CSCI-4973 - Spring 2012
Introduction to Visualization
Assignment #5: Wrangling High Dimensional Data
For your assignment this week, we focus on high dimensional data set and different techniques for visualizing information and patterns that can be difficult to detect because they can't trivially be plotted in two or even three dimensions.
Perhaps the most challenging and important task for this assignment is to identify a suitable high dimensional dataset that can't trivially be mapped to a 2D visualization. High dimensional datasets can be scientific-type data that has a clear spatial embedding in 3D plus additional scalar (e.g., temperature, time) or vector (e.g., color, velocity) information at each 3D point. Alternatively, high dimensional datasets may be more "InfoVis"-style tables with many rows of points and many columns of data. First, consider the data you have used for previous assignments. Is any of this data high dimensional or can it be extended by acquiring additional dimensions for each sample?
After identifying an appropriate and interesting dataset, you should hypothesize a pattern or correlation that might exist in the data. Now experiment with different strategies for high dimensional data visualization (you may need to try out new visualization toolkits, too). Also consider strategies for pre-processing to cluster or simplify this data (e.g., k-means clustering), or to reduce the dimensionality of the data (e.g., principal components analysis) allowing it to be plotted using more traditional tools.
Analyze the results, revise the visualization, draw conclusions, and compare your findings to your hypotheses. Describe your data, hypothesis, visualization process, and analysis in your README.txt file.
Working as a team (pick a new partner!) and/or revisiting an idea from an earlier assignment are encouraged, but not required.
Target Visualization Stage: Analysis & Validation and & Visualization Execution
How to SubmitEach team or individual should make a group post to LMS (one teammate makes a post for the whole team) to the "Assignment #5 Wrangling High Dimensional Data" discussion. The post should include a description of the data, the collection & parsing & organizing process, the visualization design, the visualization toolkit used, the identified challenges in work with progressively larger datasets, and the steps taken or proposed to mitigate these issues. The post should include images/links with the visualization results.
Each student (each teammate) should submit an individual plaintext README.txt (using the provided template) to the homework server (homework server info).
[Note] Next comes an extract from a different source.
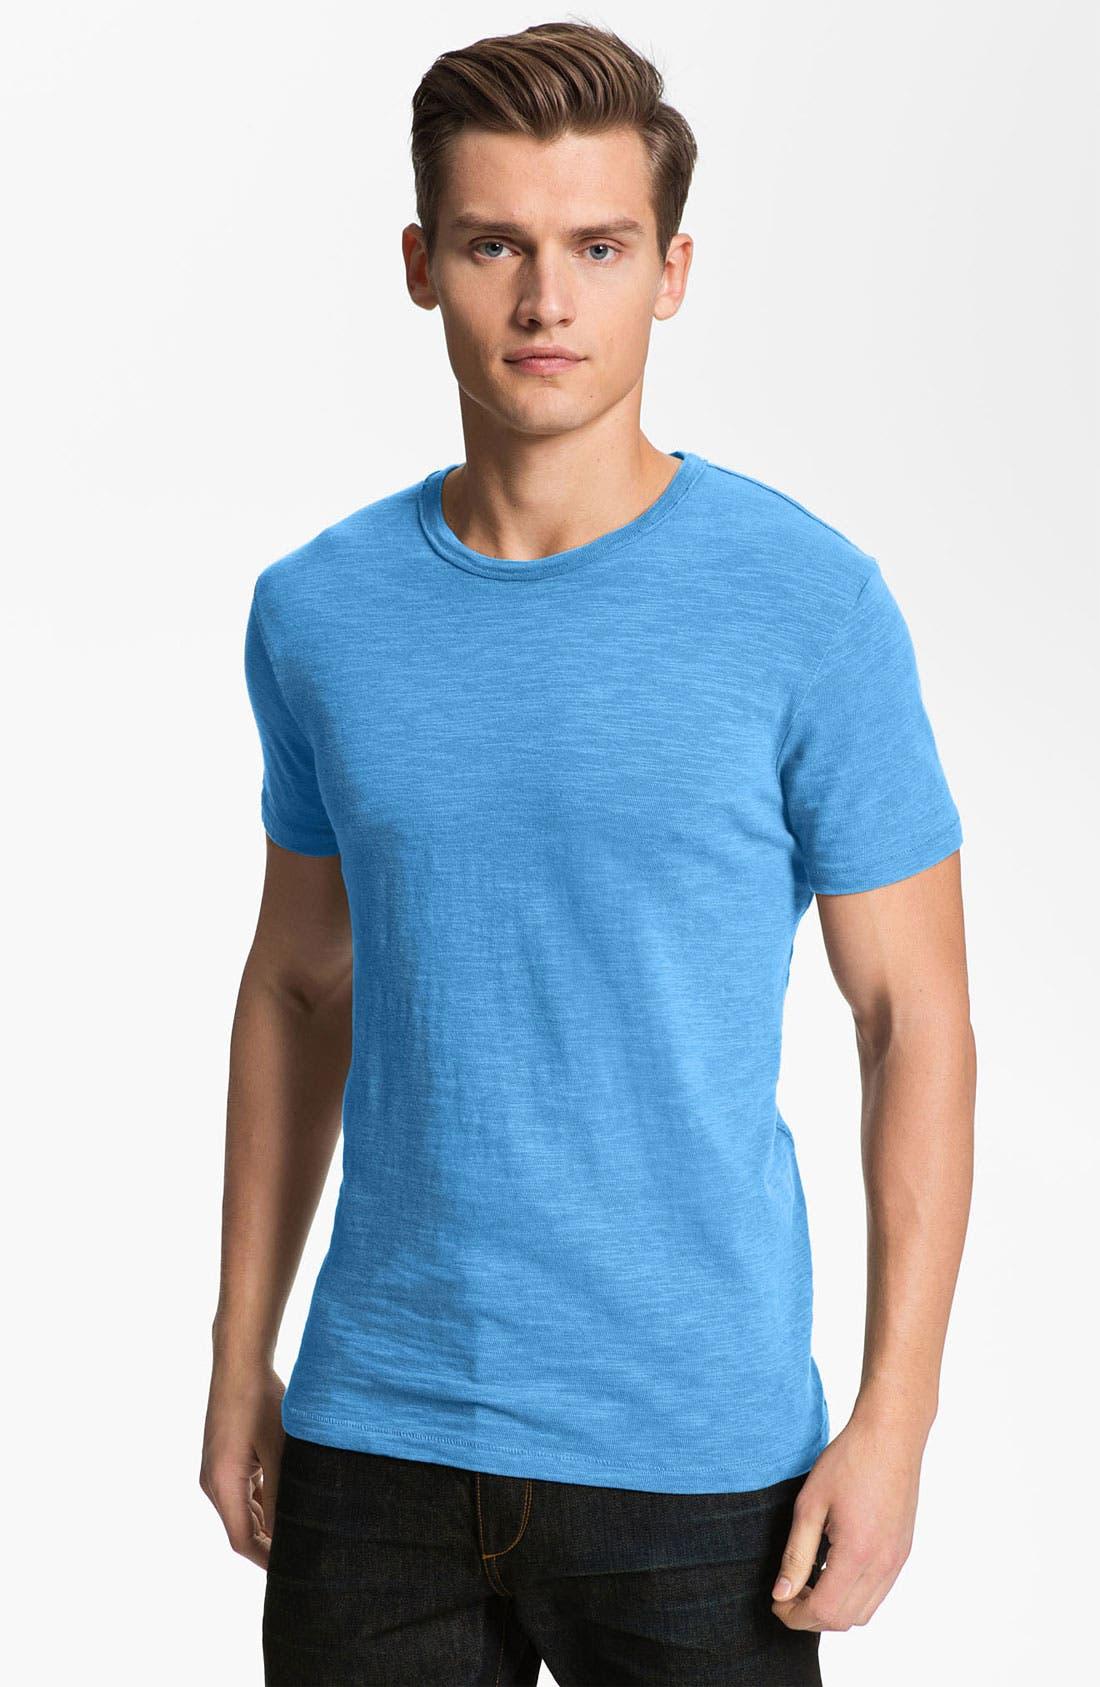 Alternate Image 1 Selected - rag & bone Standard Issue Slubbed Cotton T-Shirt
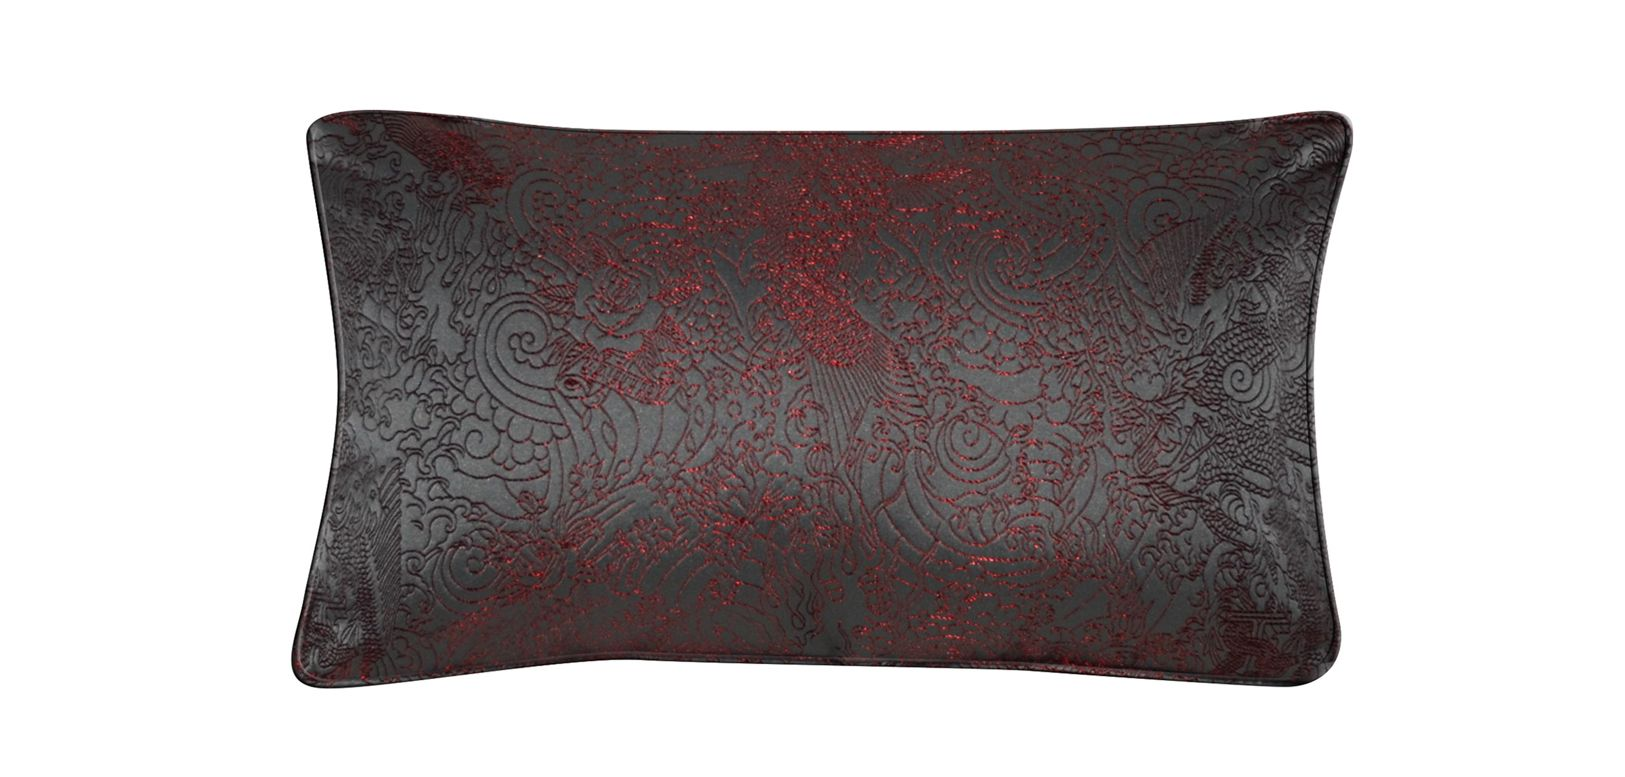 Coussin gravure jean paul gaultier roche bobois - Creer son coussin ...

Your README.txt file should focus on your contributions to the team, but you can cut & past from the group LMS post. Also submit to the homework server any source code you wrote for the assignment. (You do not need to submit a complete buildable software project, just submit source code/scripts you wrote). Do not try to submit the dataset! But include a small sample of the data as appropriate in your writeup.
Assignment Due: Tuesday February 28th, 11:59pm